Pushing Computation Offline. Although the focus of our work is better efficiency in the absence of pre-processing, it is still worth noting that several steps of our protocol can be pushed offline (i.e., before the parties’ inputs are known) when that is an option. Specifically:

  1. 1.

    In addition to the base OTs, most of the remaining public-key operations can also be done offline. \(P_{2}\) can send \((h,g_1):=(g^\omega , g^r)\) before knowing the input to \(P_{1}\), who can compute the \(C_j\) values and half the \(D_j\) values. During the online phase, \(P_{1}\) and \(P_{2}\) only need to perform \({\rho }\) exponentiations.

  2. 2.

    Garbled circuits can be computed, sent, and checked offline. \(P_{2}\) can also decommit \({\mathsf {c}} ^T_j\) to learn the output translation tables for the evaluation circuits.
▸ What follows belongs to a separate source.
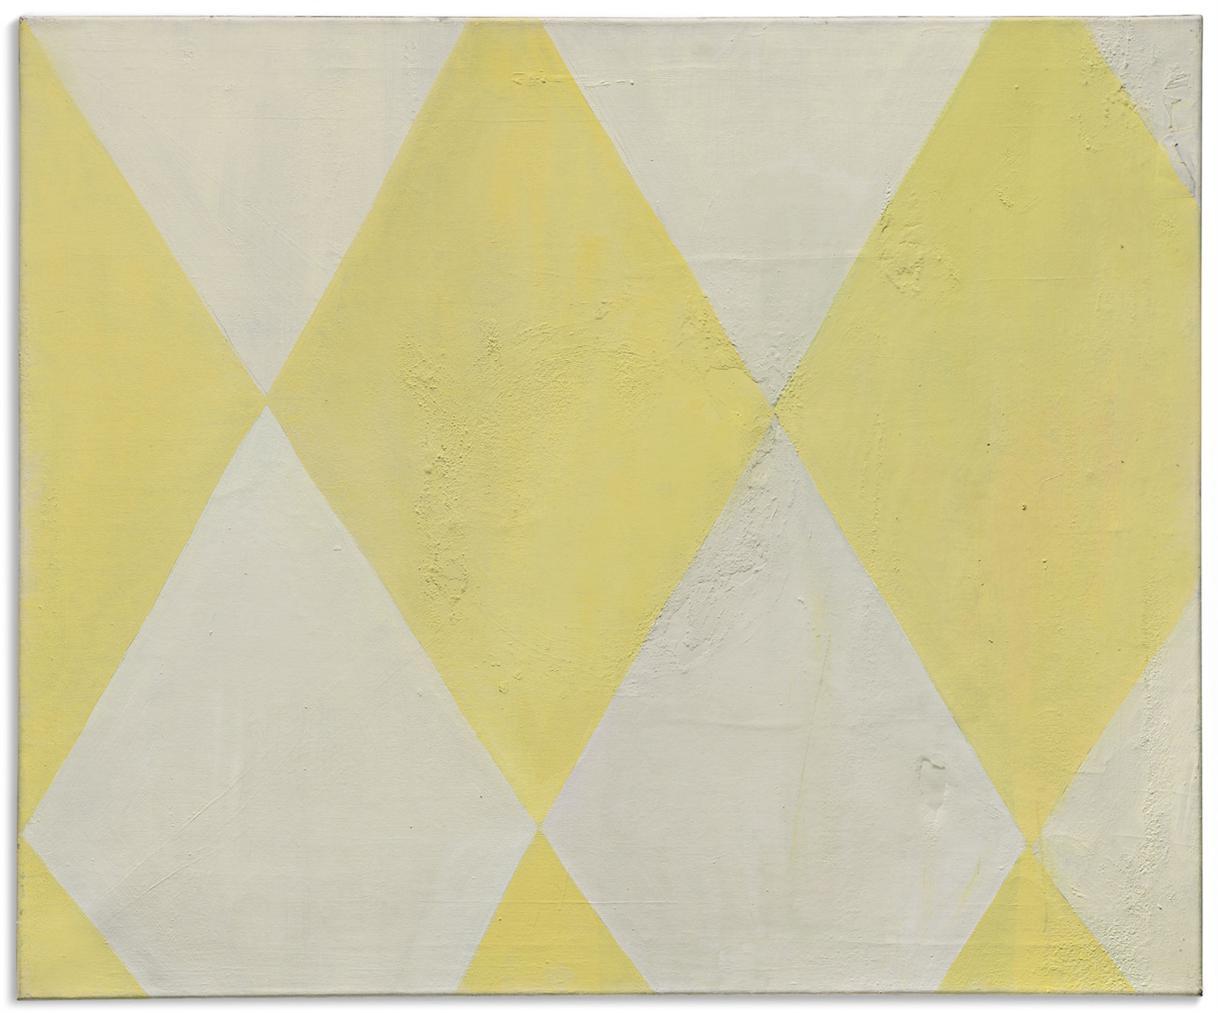 Luc Tuymans-Yellow-1986

Table 4. Performance of common functions over various networks. SE stands for “single execution.” All numbers are in milliseconds. Offline time includes disk I/O. For online time, disk I/O is shown separately in the parentheses.
Table 5. Performance of our building blocks. The first row gives the running time of \(P_{2}\) recovering its input when using a \({\rho }\)-probe matrix. The second row gives the running time of garbling, and the third row gives the running time for both garbling and sending. The remaining rows give the performance of OT and malicious OT extension.

5 Implementation and Evaluation

We implemented our protocol in C++ using RELIC [2] for group operations, OpenSSL libssl for instantiating the hash function, and libgarble for garbling [15]. We adopted most of the recent advances in the field [4, 5, 8, 29, 39] as well as the optimizations introduced in Sect. 4. We instantiate the commitment scheme as \((\text {SHA-1}(x, r), r) \leftarrow {\mathsf {Com}} (x)\), though when x has sufficient entropy we use \(\text {SHA-1}(x)\) alone as the commitment.

Evaluation Setup. All evaluations were performed with a single-threaded program with computational security parameter \({\kappa }=128\) and statistical security parameter \({\rho }=40\). We evaluated our system in three different network settings:

  1. 1.

    localhost. Experiments were run on the same machine using the loopback network interface.

  2. 2.

    LAN. Experiments were run on two c4.2xlarge Amazon EC2 instances with 2.32 Gbps bandwidth as measured by iperf and less than 1 ms latency as measured by ping.

  3. 3.

    WAN. Experiments were run on two c4.2xlarge Amazon EC2 instances with total bandwidth throttled to 200 Mbps and 75 ms latency.

All numbers are average results of 10 runs. We observed very small variance between multiple executions.

Table 6. Single execution performance. All numbers are in milliseconds. Numbers for [29] were obtained by adapting their implementation to the single-execution setting, using the same hardware as our results. Numbers for [1] are taken from their paper and are for a single execution, not including any I/O time.

5.1 Subprotocol Performance

Because of the various optimizations mentioned in Sect. 4, as well as a carefully engineered implementation, many parts of our system perform better than previously reported implementations. We summarize these results in Table 5.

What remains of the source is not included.